(What is required)
As written and without pictures, set down the lines from the one that contains "Cura para o Natal (8)" through the end of the data.

(Source material)
--*--
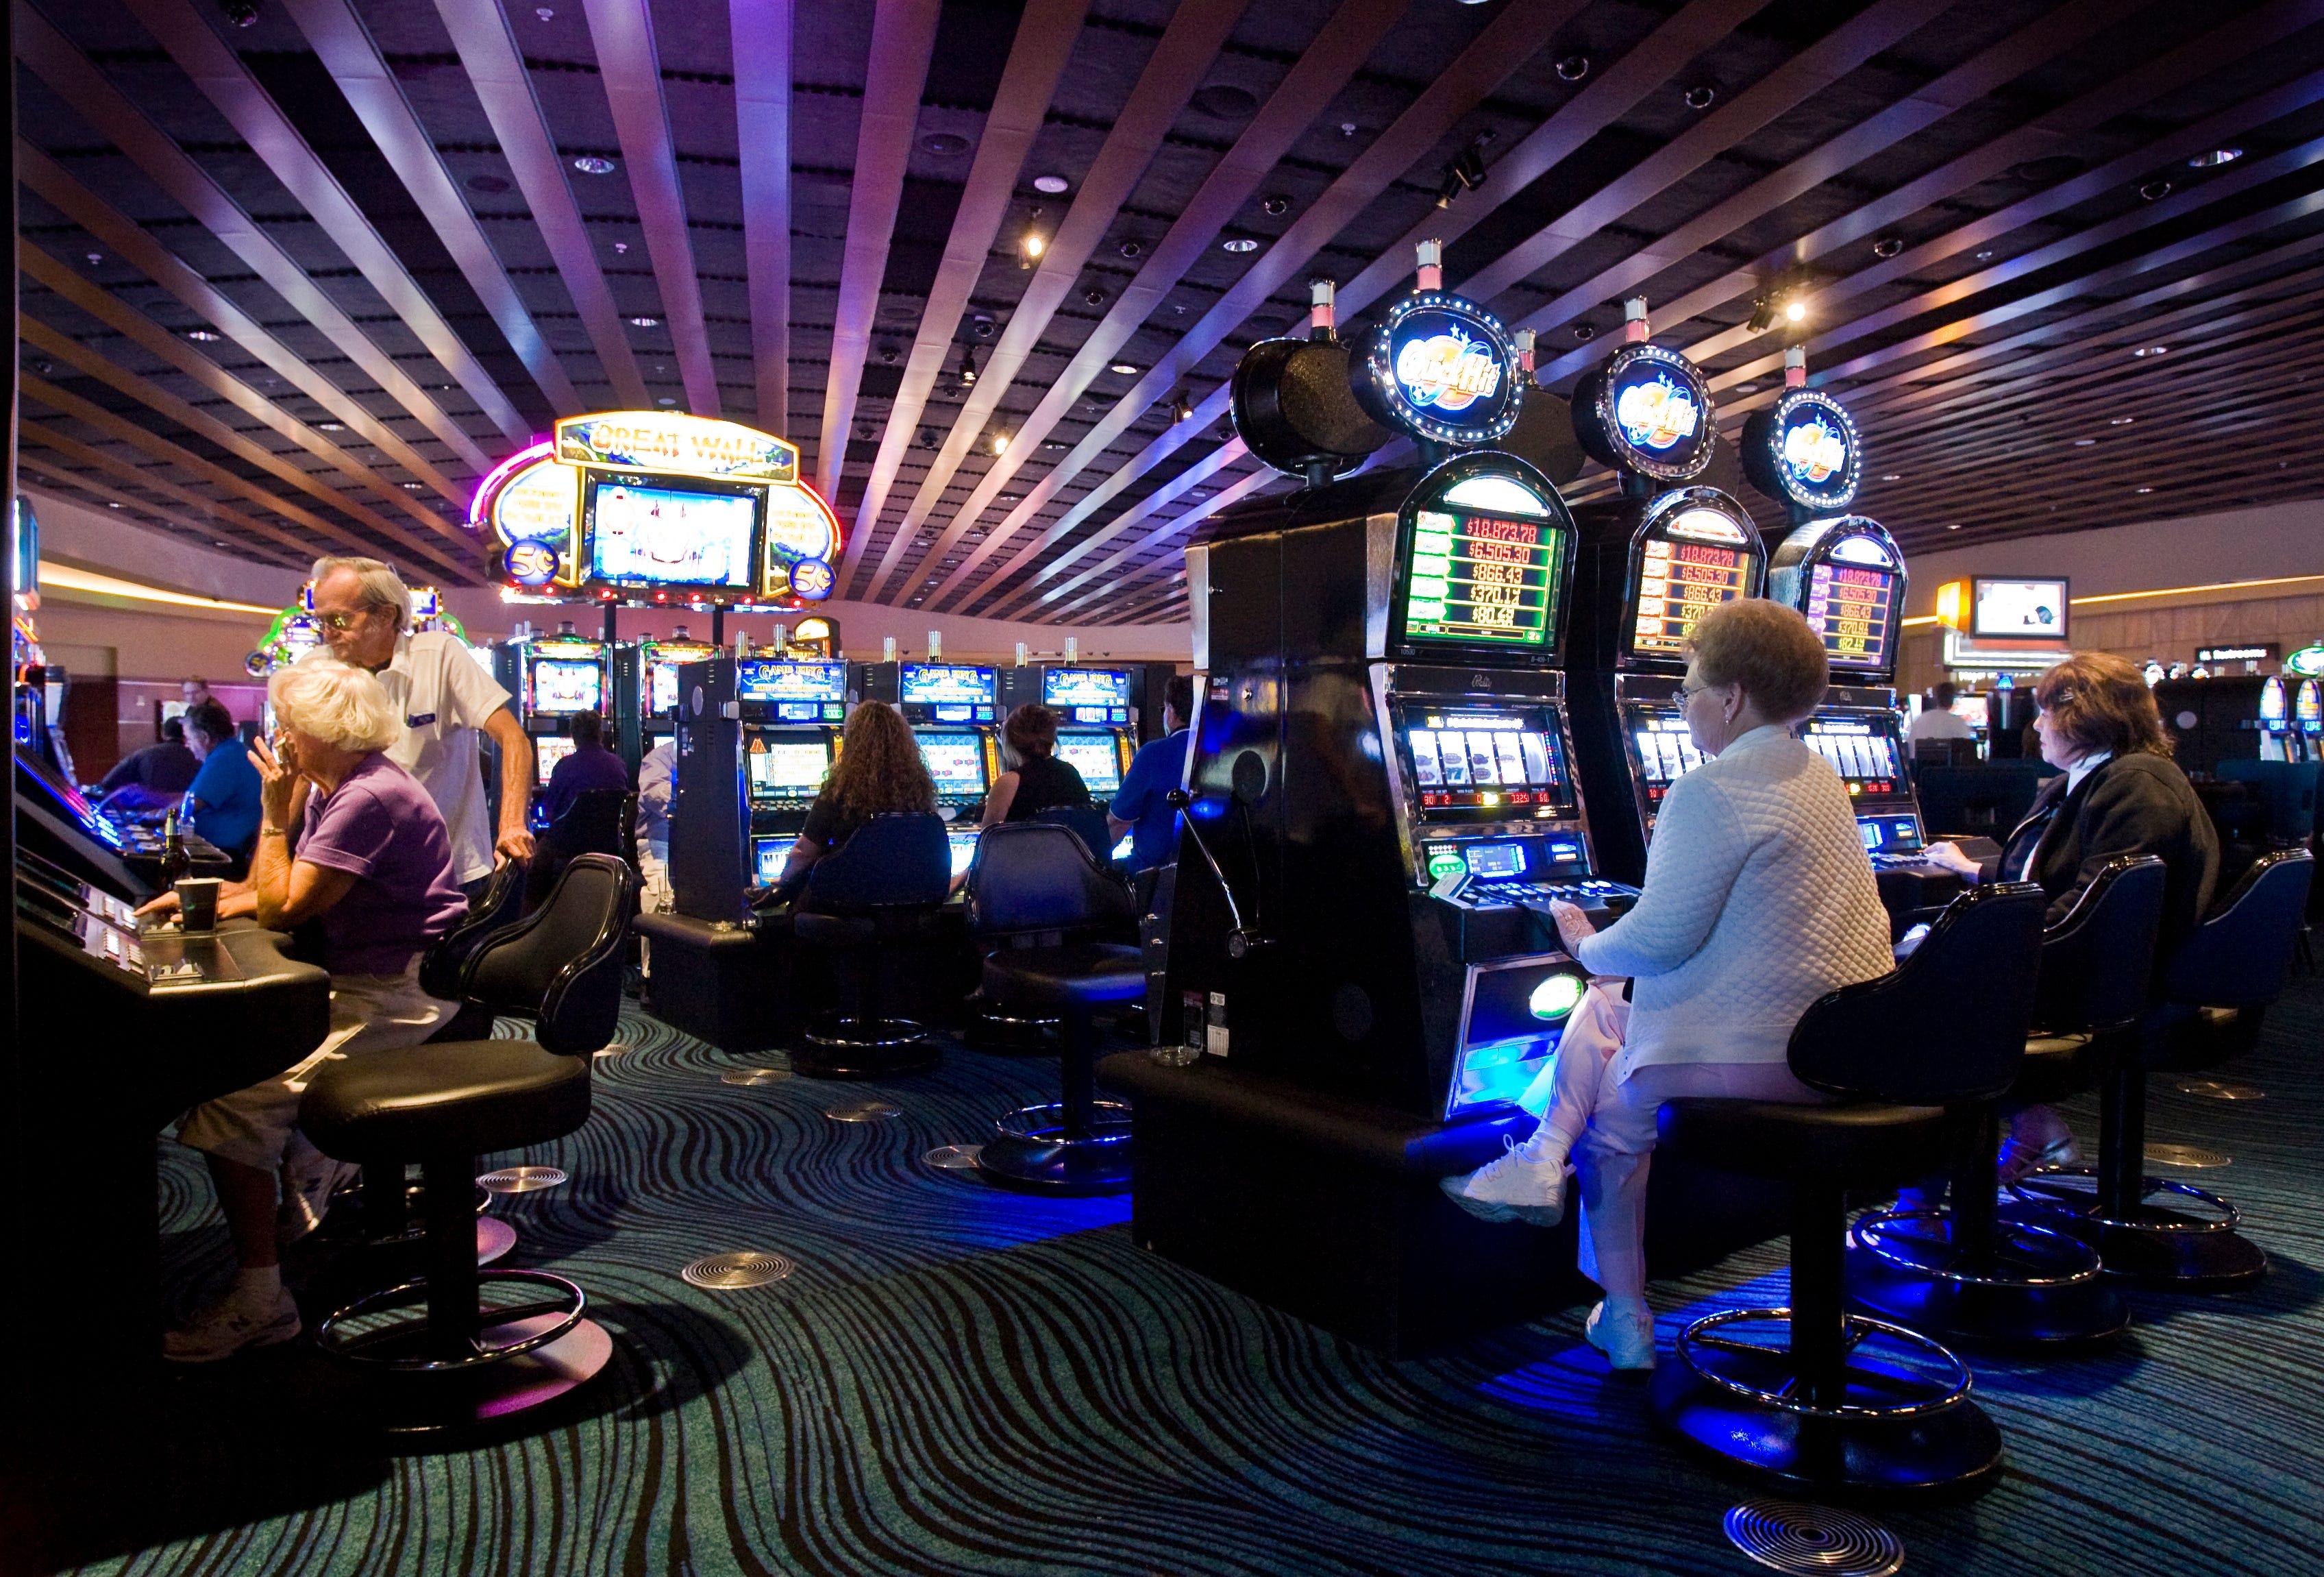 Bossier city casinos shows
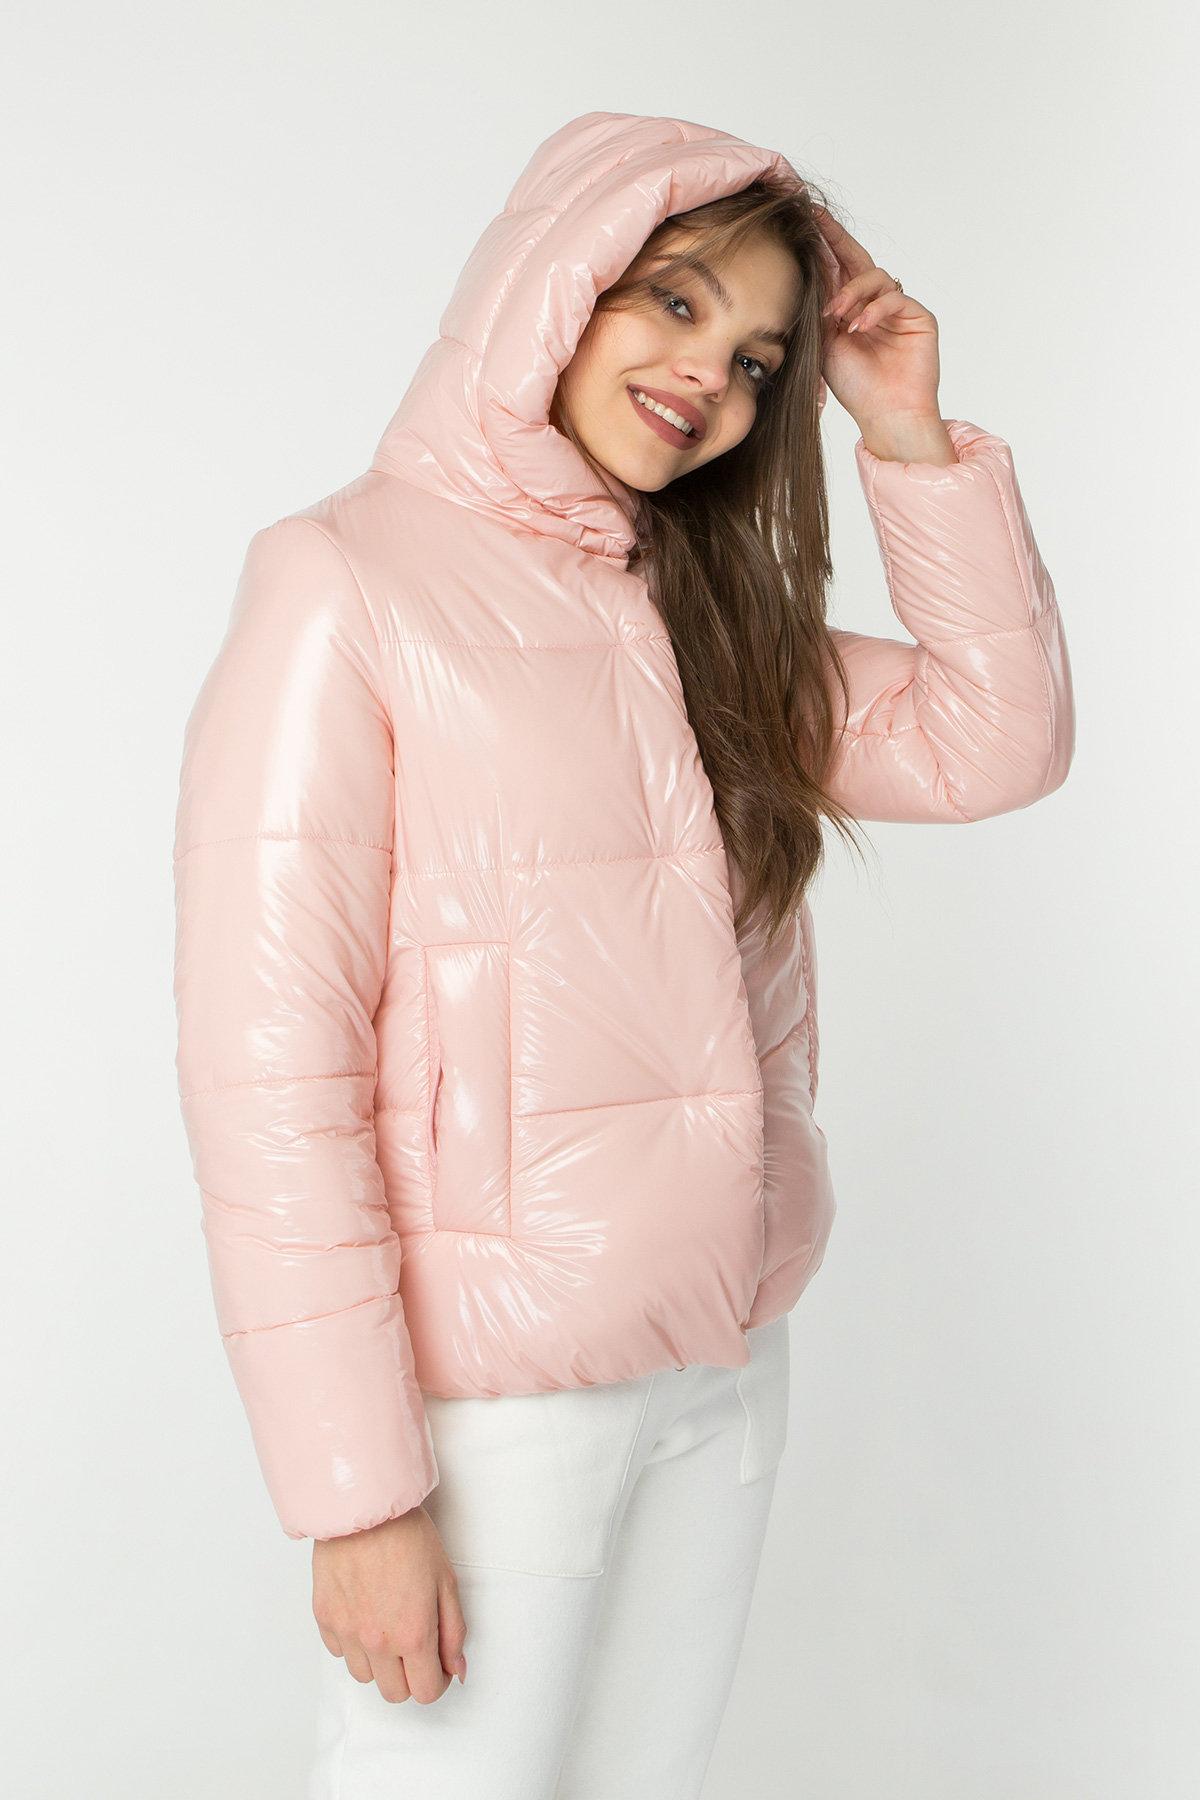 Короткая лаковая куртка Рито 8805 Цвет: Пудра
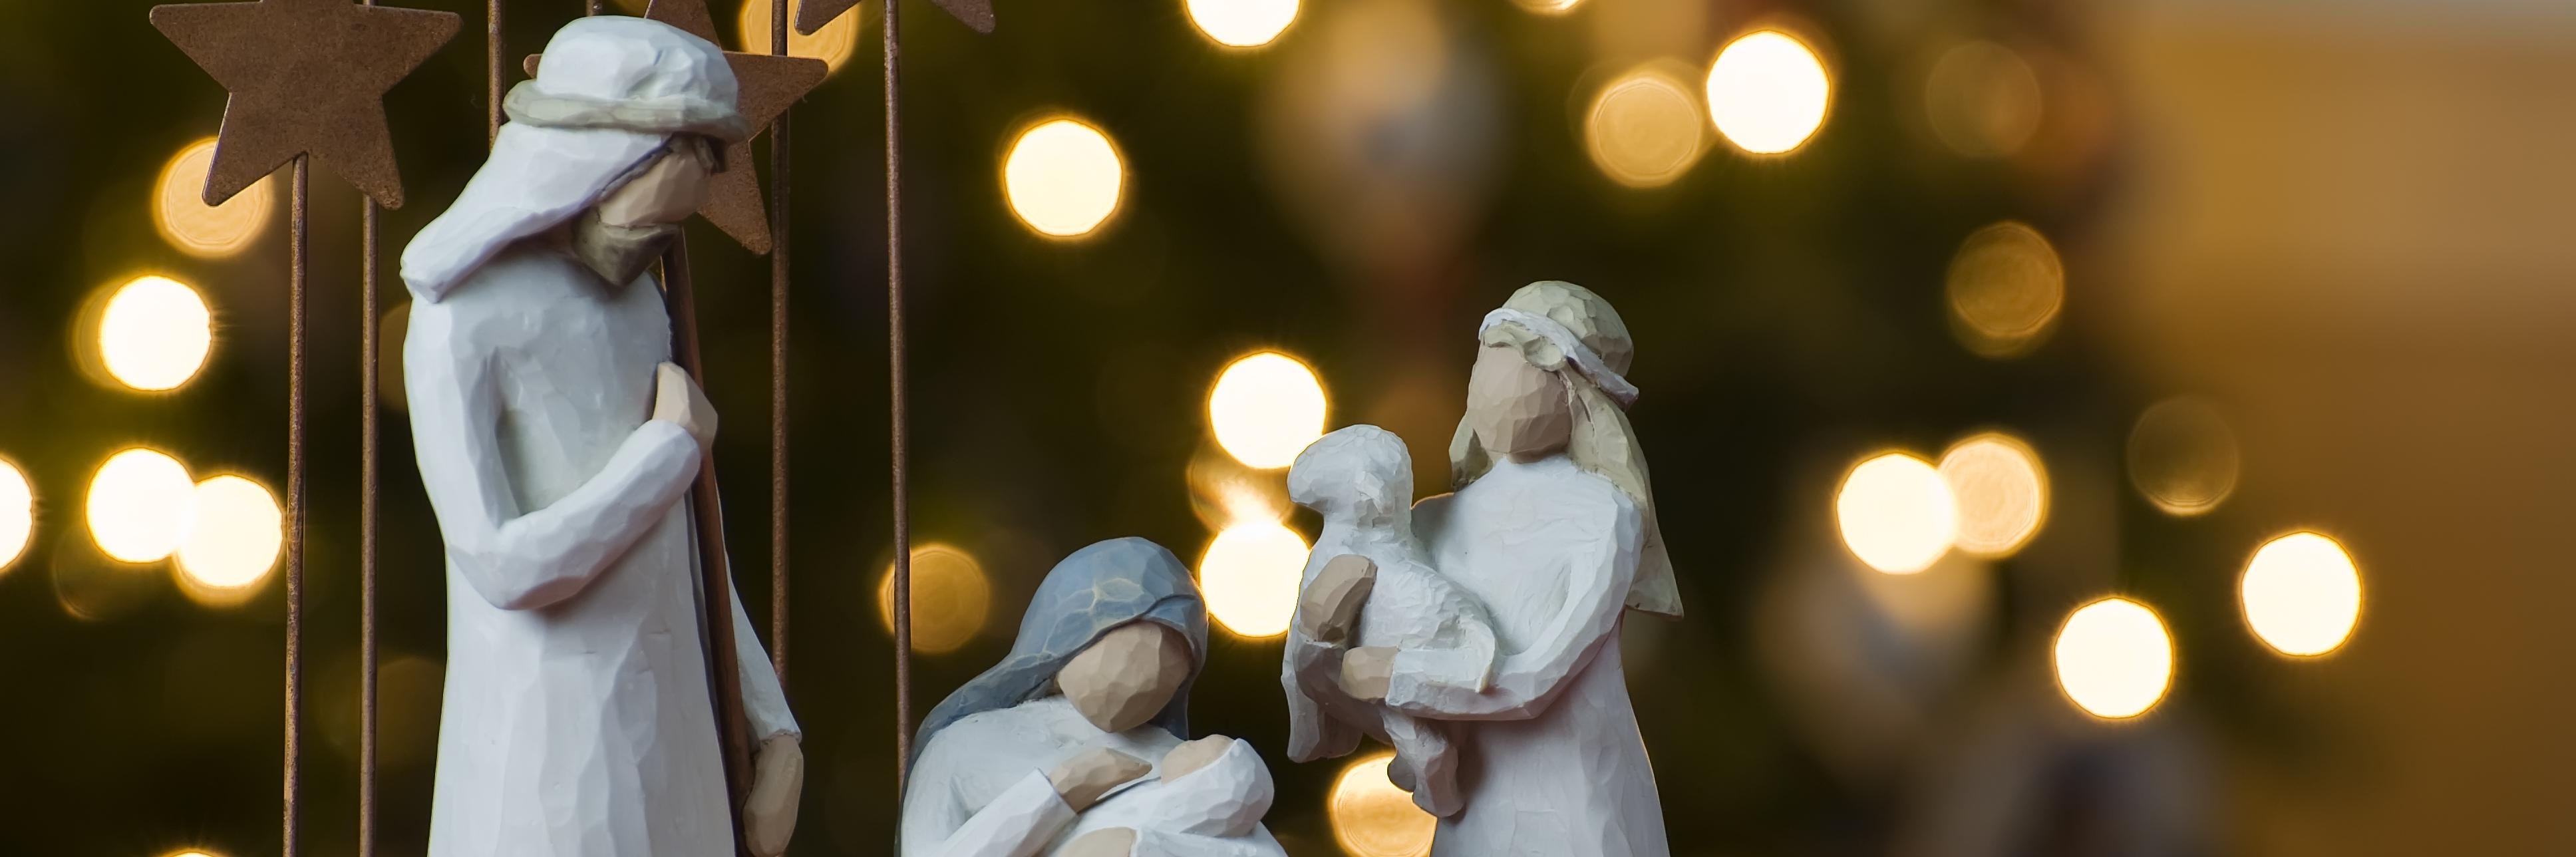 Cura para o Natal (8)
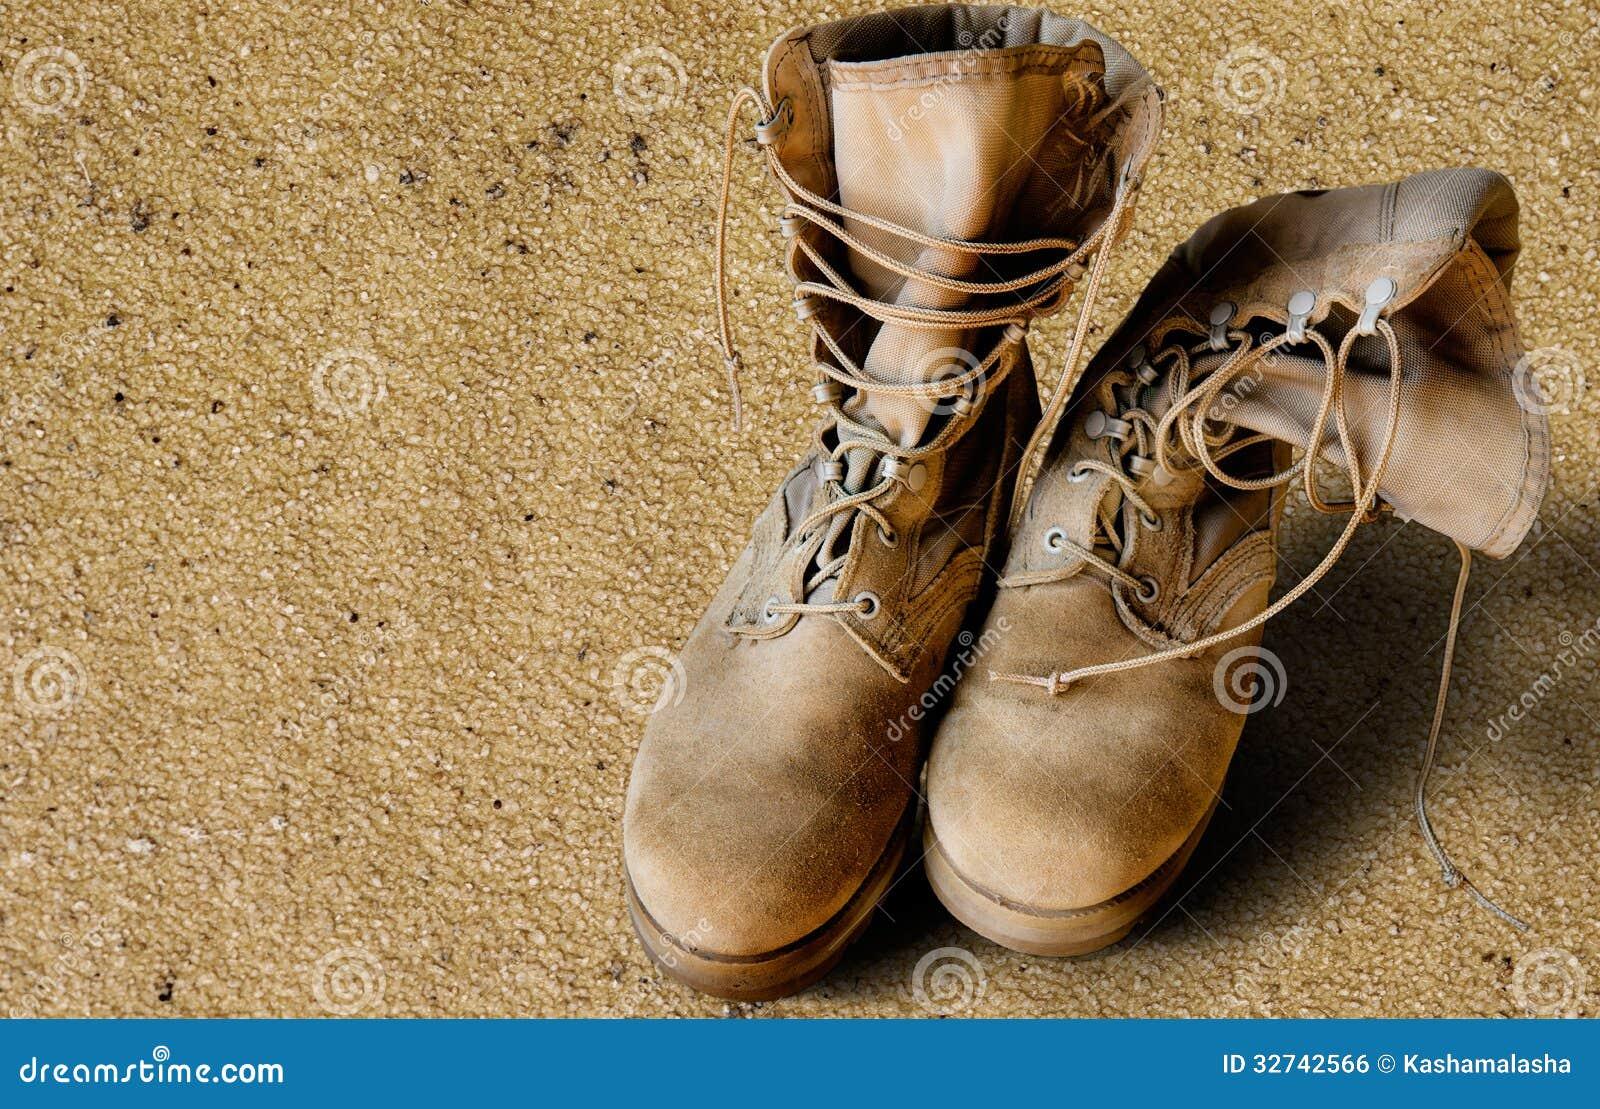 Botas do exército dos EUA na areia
--*--
(Exercise output)
 Cura para o Natal (8)
 Botas do exército dos EUA na areia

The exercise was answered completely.